* What this task involves: Once the line containing "Refurbished Dell P1913t LED Monitor" is found in the material below, it and every line after it should be transcribed exactly, with pictures left out and nothing added.

* Given data:
----------------------------------------

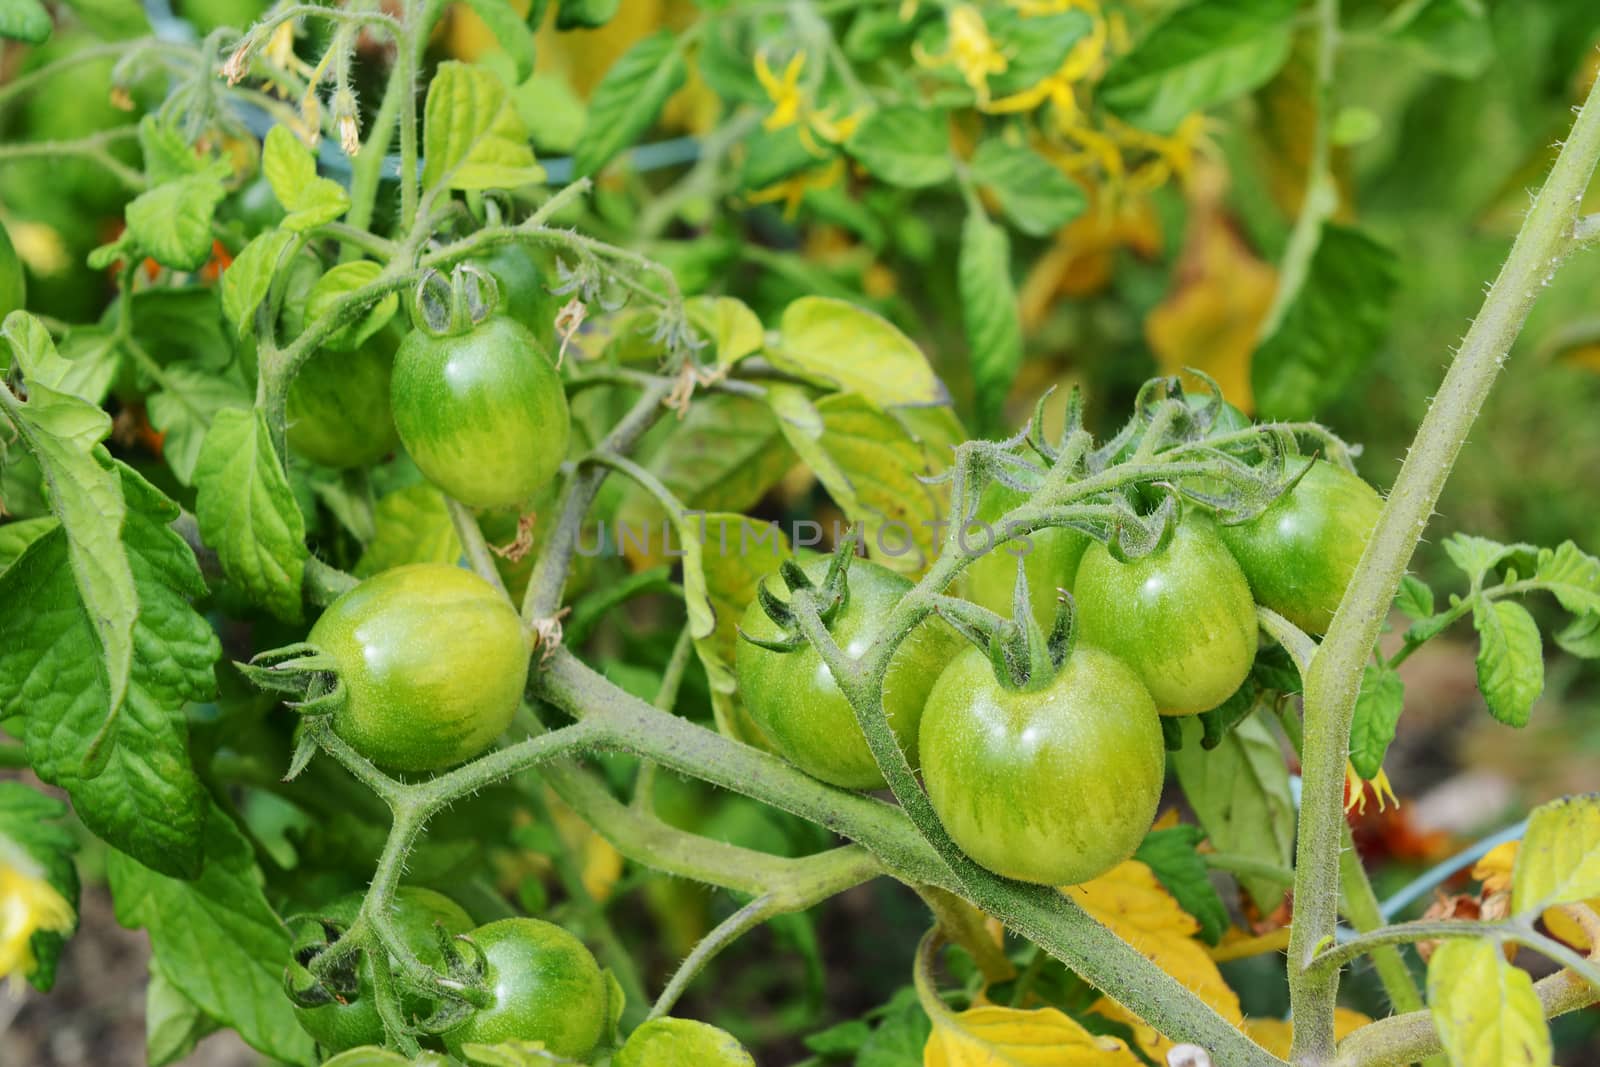 Green tomatoes - Red Alert variety - form on the vine by sarahdoow
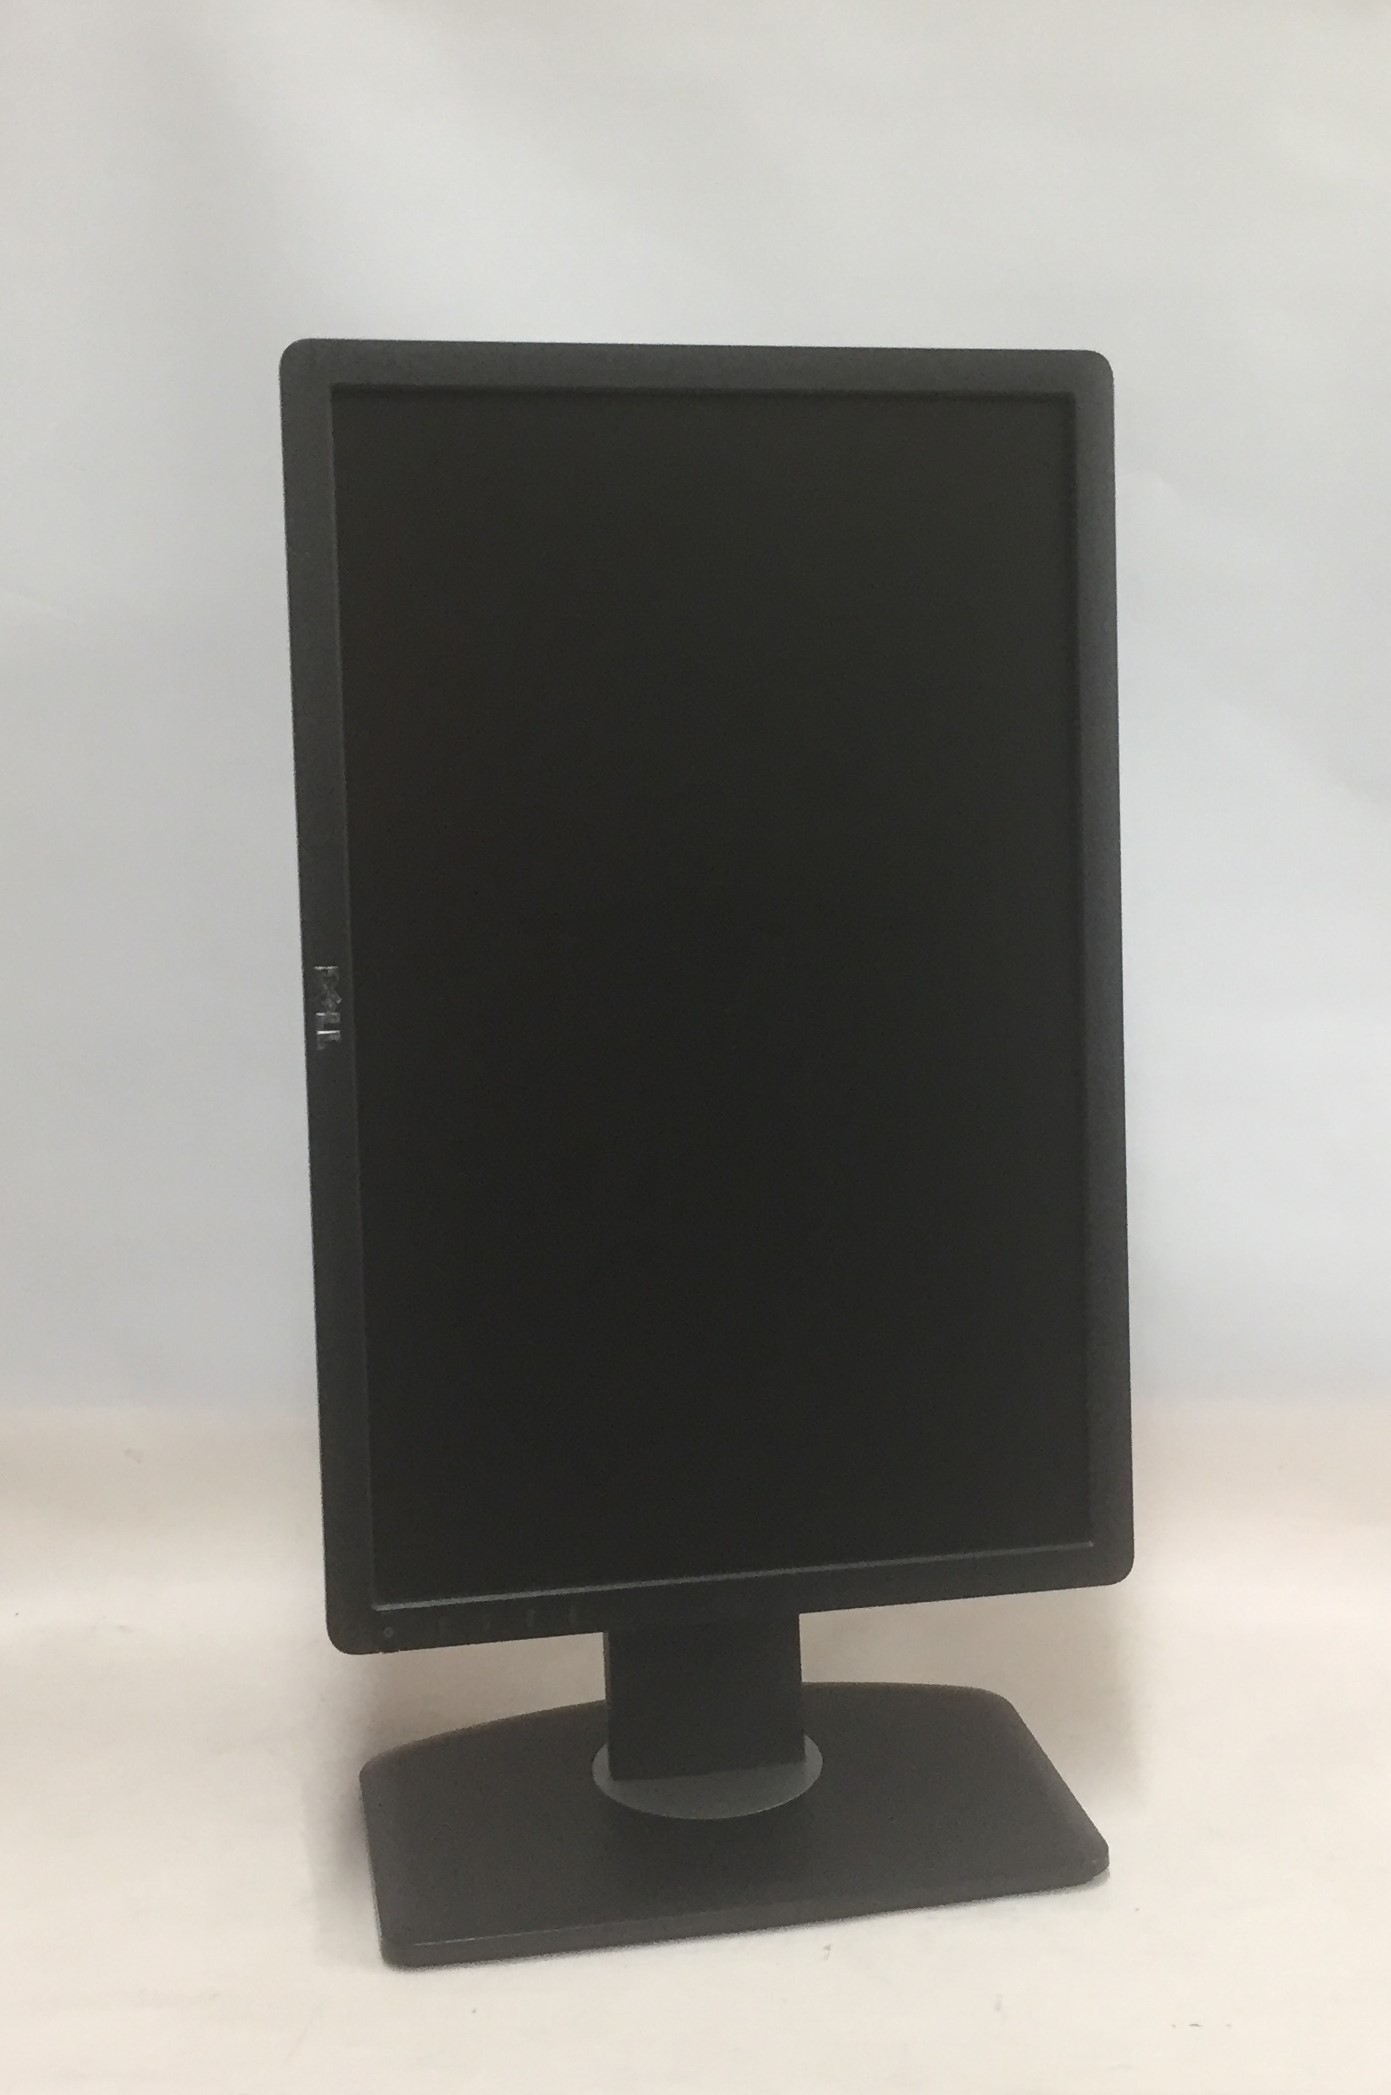 Refurbished Dell P1913t LED Monitor
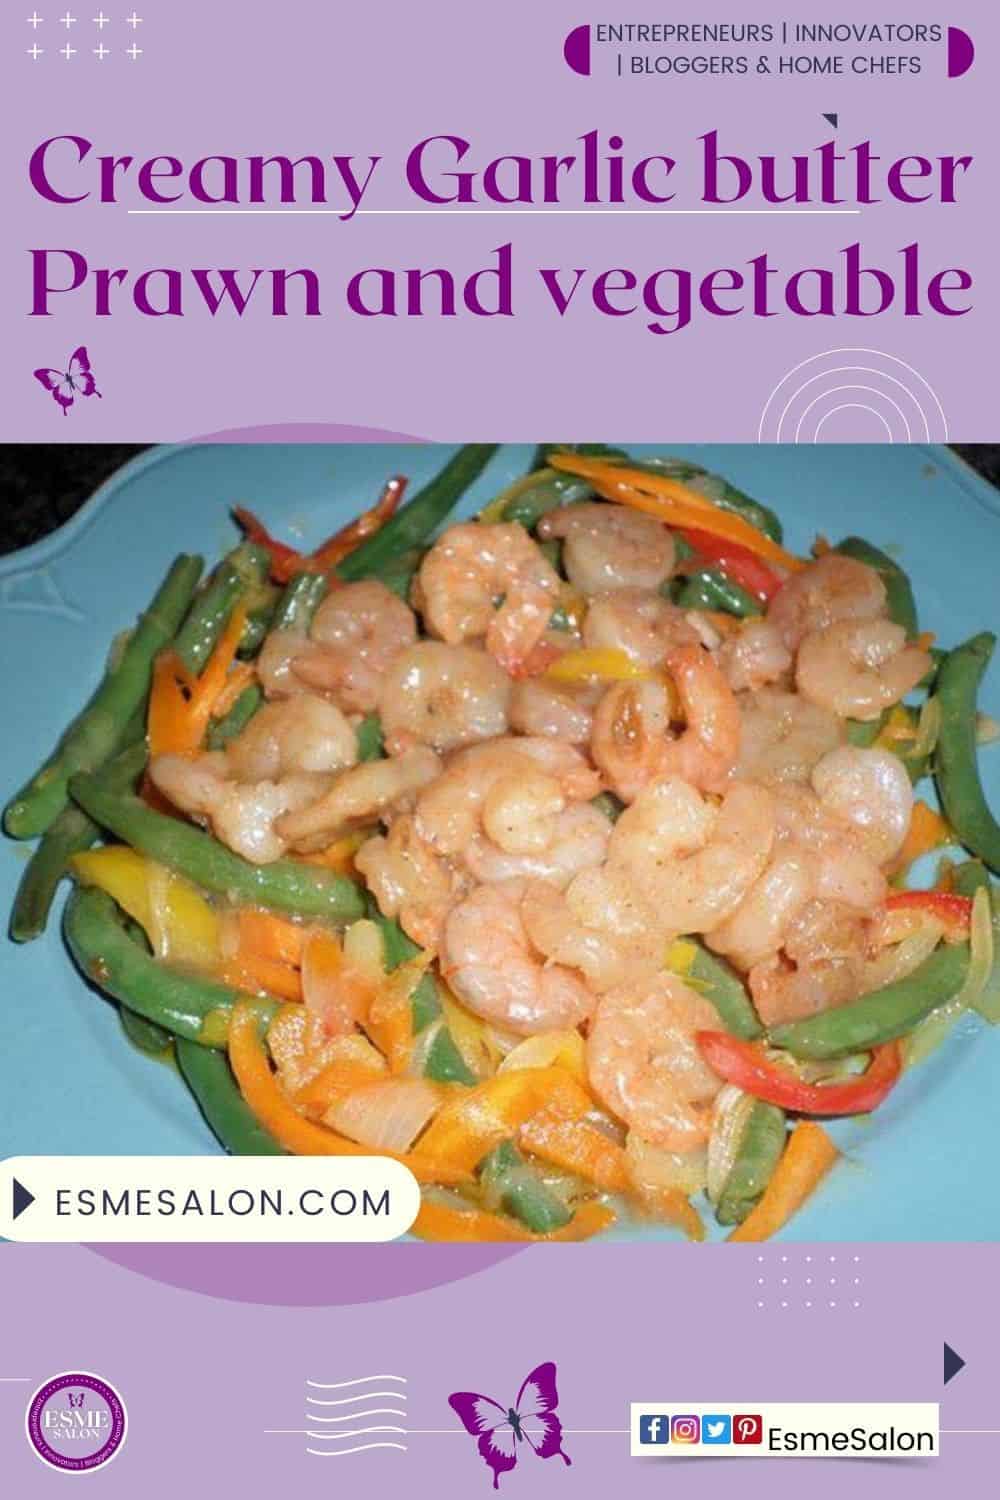 An image of a light blue plate with Creamy Garlic butter Prawn and vegetables

----------------------------------------

* Task solution:
 Refurbished Dell P1913t LED Monitor
 An image of a light blue plate with Creamy Garlic butter Prawn and vegetables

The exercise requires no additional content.